At the Center of Acadian Studies’ University of Moncton site, Acadian genealogist Stephen White consistently spells the name as LeBlanc throughout his mini-biography of this Acadian family, although in his 1992 work Patronymes acadiens/Acadian Family published by Les Editions d'Acadie, he used the more stylistically standard form Le Blanc


So, what is correct? a) Le Blanc, b) Leblanc,  c) LeBlanc, d) all of the above.
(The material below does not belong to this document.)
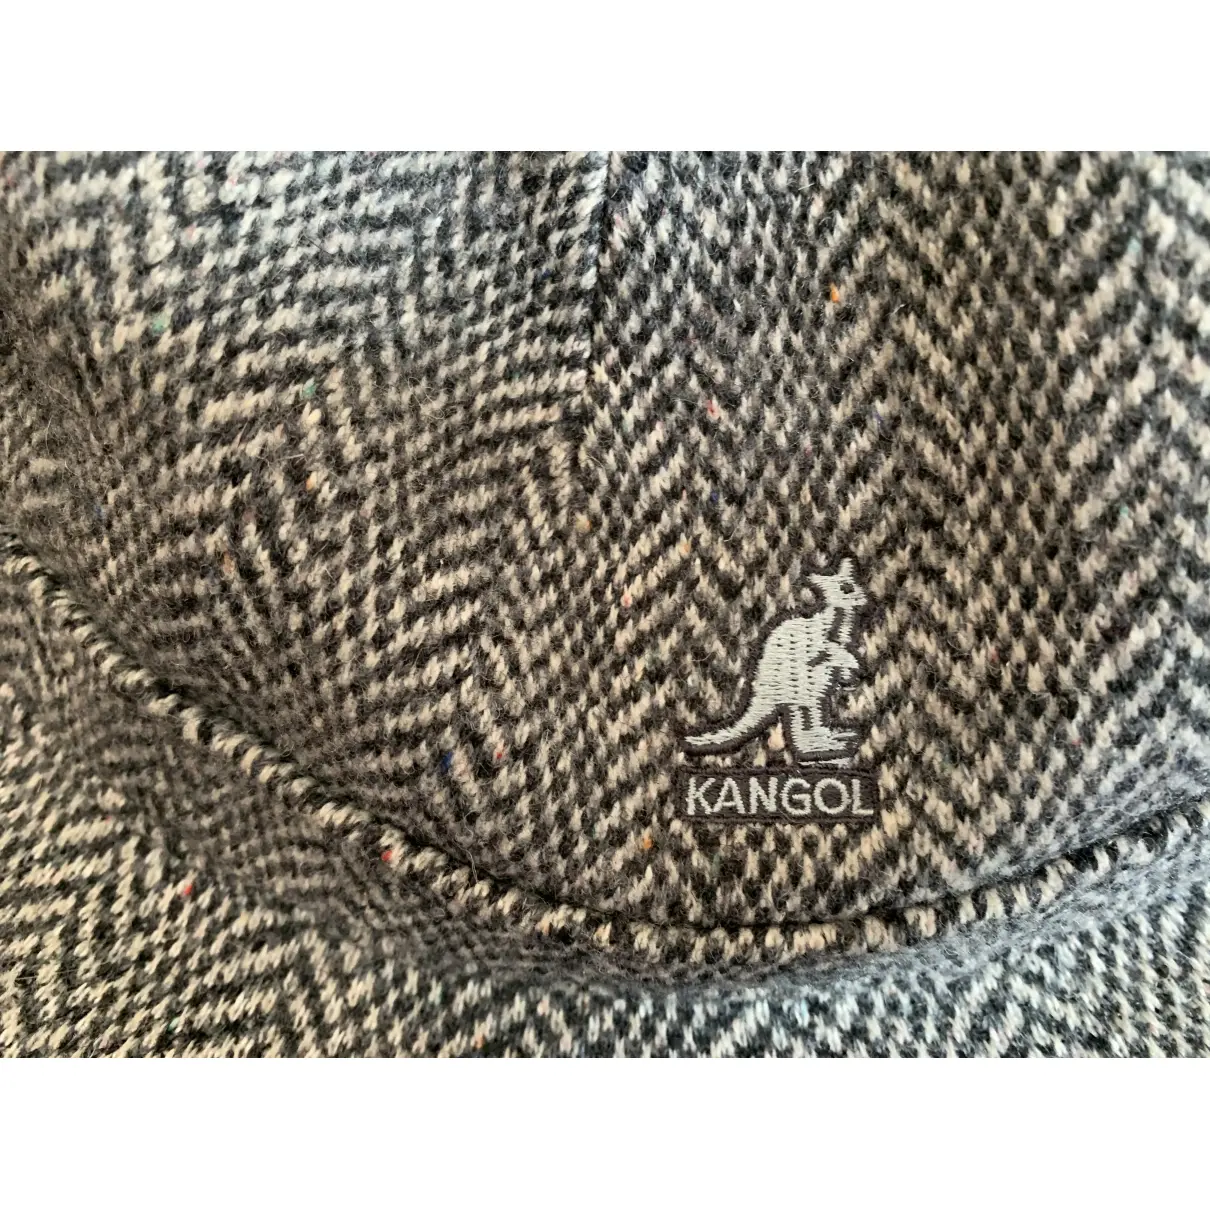 Buy Kangol Wool hat online

Answer: d) all of the above.


The Université de Montréal’s Department of French Studies and Linguistics advises that however an ancestor signed his or her own name takes preference; therefore in both of the above instances the non-standard form is actually more appropriate. The two-word Le Blanc spelling tends to be a more traditional and grammatical French spelling, but a general rule is not always conclusive, rather just more of a useful too in searching names indices and databases where the names have been standardized.

Michael Marcotte


¹ - The Dictionary of Canadian Biography Online is a Internet version of the  Dictionary of Canadian Biography/Dictionnaire biographique du Canada (DCB/DBC), a major research and publishing project launched by the University of Toronto and the Université Laval in 1959.


Other sources:

Typographie française en ligne, Synapse Développement, éditeur du correcteur orthographique et grammatical Cordial.

² Office québécois de la langue française.